En conséquence, plusieurs officiers du navire furent autorisés à entrer dans la ville et les marins déchargèrent les marchandises sur des chaloupes. Les autorités constatèrent rapidement la propagation de la peste dans la ville où les officiers logeaient. Toutefois, les autorités furent lentes à réagir. Lorsqu’elles apportèrent les soins appropriés au début d’août, il était déjà trop tard. Les hôpitaux, submergés par le nombre de malades, étaient incapables de répondre à la demande. 

Finalement, les autorités municipales tentèrent d’imposer un cordon sanitaire le 1er août pour contenir la propagation de la peste. Mais plus de 10 000 personnes avaient déjà fui la ville, étendant la maladie aux campagnes et aux villes environnantes. Ainsi, la peste se propagea non seulement dans toute la ville, mais contamina graduellement aussi toute la Provence.
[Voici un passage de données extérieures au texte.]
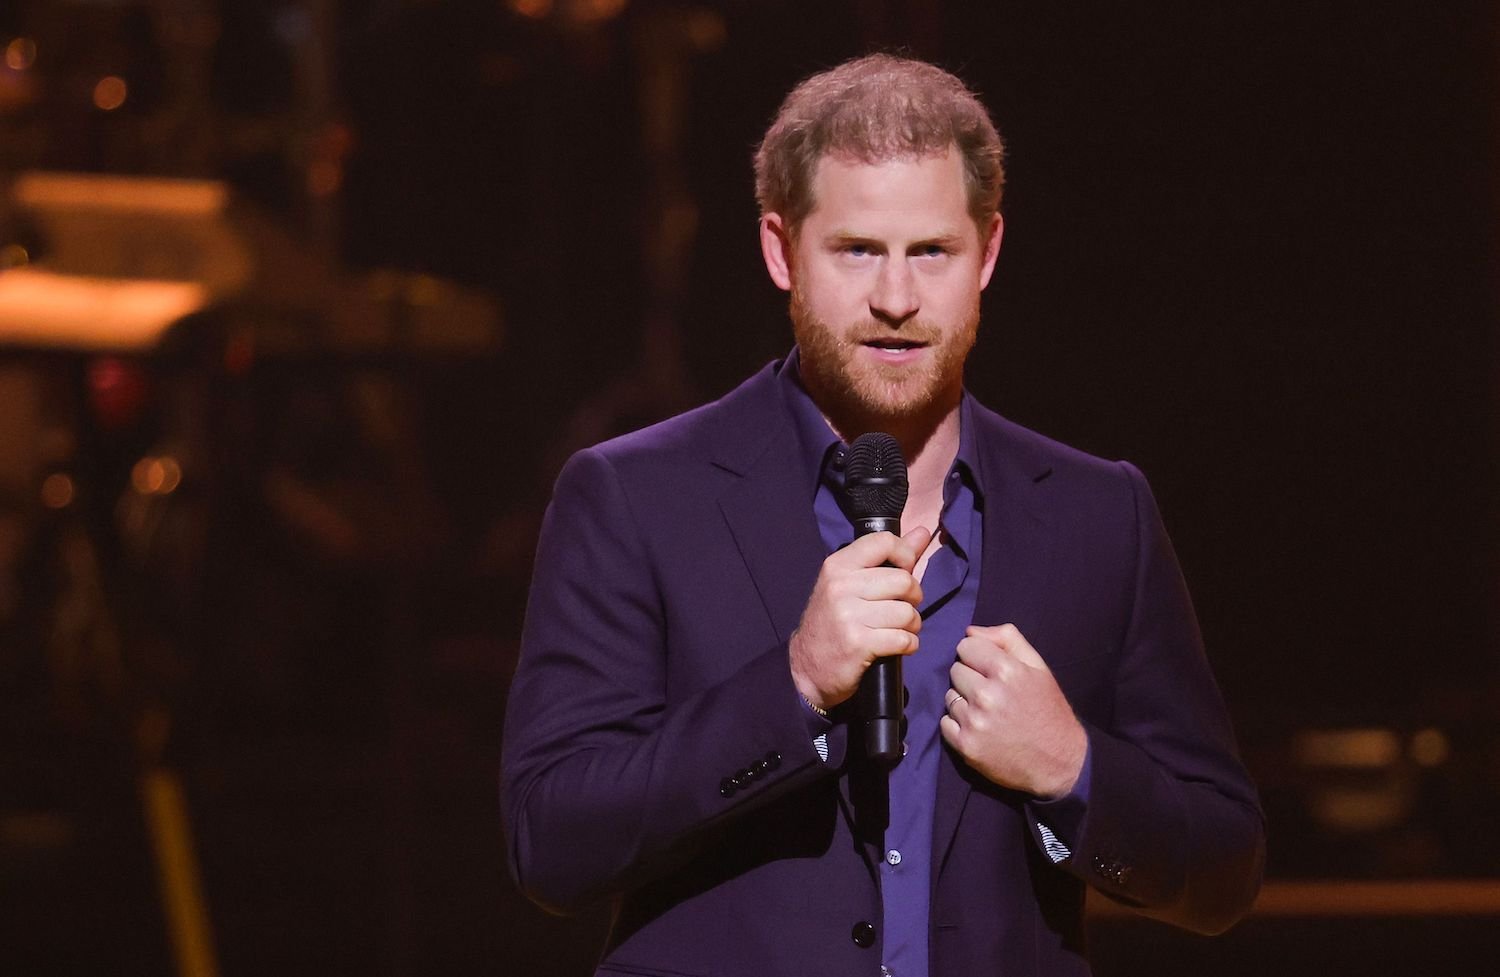 Prince Harry wears a suit and holds a microphone while addressing the audience at the 2022 Invictus Games closing ceremony

À partir d’août, les autorités municipales bénéficièrent de l’aide de 500 esclaves pour ramasser les 3000 cadavres gisant dans les rues de la ville qui dégageaient une puanteur intolérable. En quelques mois, le plus important port de France et une ville florissante avaient été ainsi réduits à la misère. Toute l’infrastructure sociale s’effondra. Les pauvres souffrirent particulièrement, étant réduits au chômage et à la famine.

Les registres officiels rapportent la mort de 39 334 personnes sur les 90 000 Marseillais. Mais certaines estimations fixent le nombre de morts à 45 000, voire 50 000. De plus, au moins 50 000 personnes vivant dans le reste de la Provence furent victimes de l’épidémie, alors que la peste se propageait dans les villes d’Aix-en-Provence, Arles, Apt et Toulon, qui perdirent de 25 % à 40 % de leur population.

Face au désastre frappant Marseille, le gouvernement royal décida de gérer la crise. Ce fut le début en Occident d’une administration centrale choisissant de se superposer aux autorités locales. Versailles supervisa alors tous les aspects de la crise, plaçant la ville de Marseille sous tutelle, ordonnant la fermeture du port, plaçant la ville en quarantaine, et s’occupant de la distribution de la nourriture, du nettoyage des rues, de la réglementation des marchés, etc.

L’histoire tragique de la Grande Peste de Marseille est un vibrant rappel de ce qui peut se passer lorsque les autorités politiques privilégient les intérêts économiques plutôt que la santé publique. Comme en 1720, l’incapacité d’une certaine administration américaine à prendre les mesures appropriées dès les premiers jours de l’épidémie de coronavirus est responsable de la propagation du virus et par conséquent des milliers de morts qui en résultent.

Gilles Vandal est historien de formation et professeur émérite à l’École de politique appliquée de l’Université de Sherbrooke.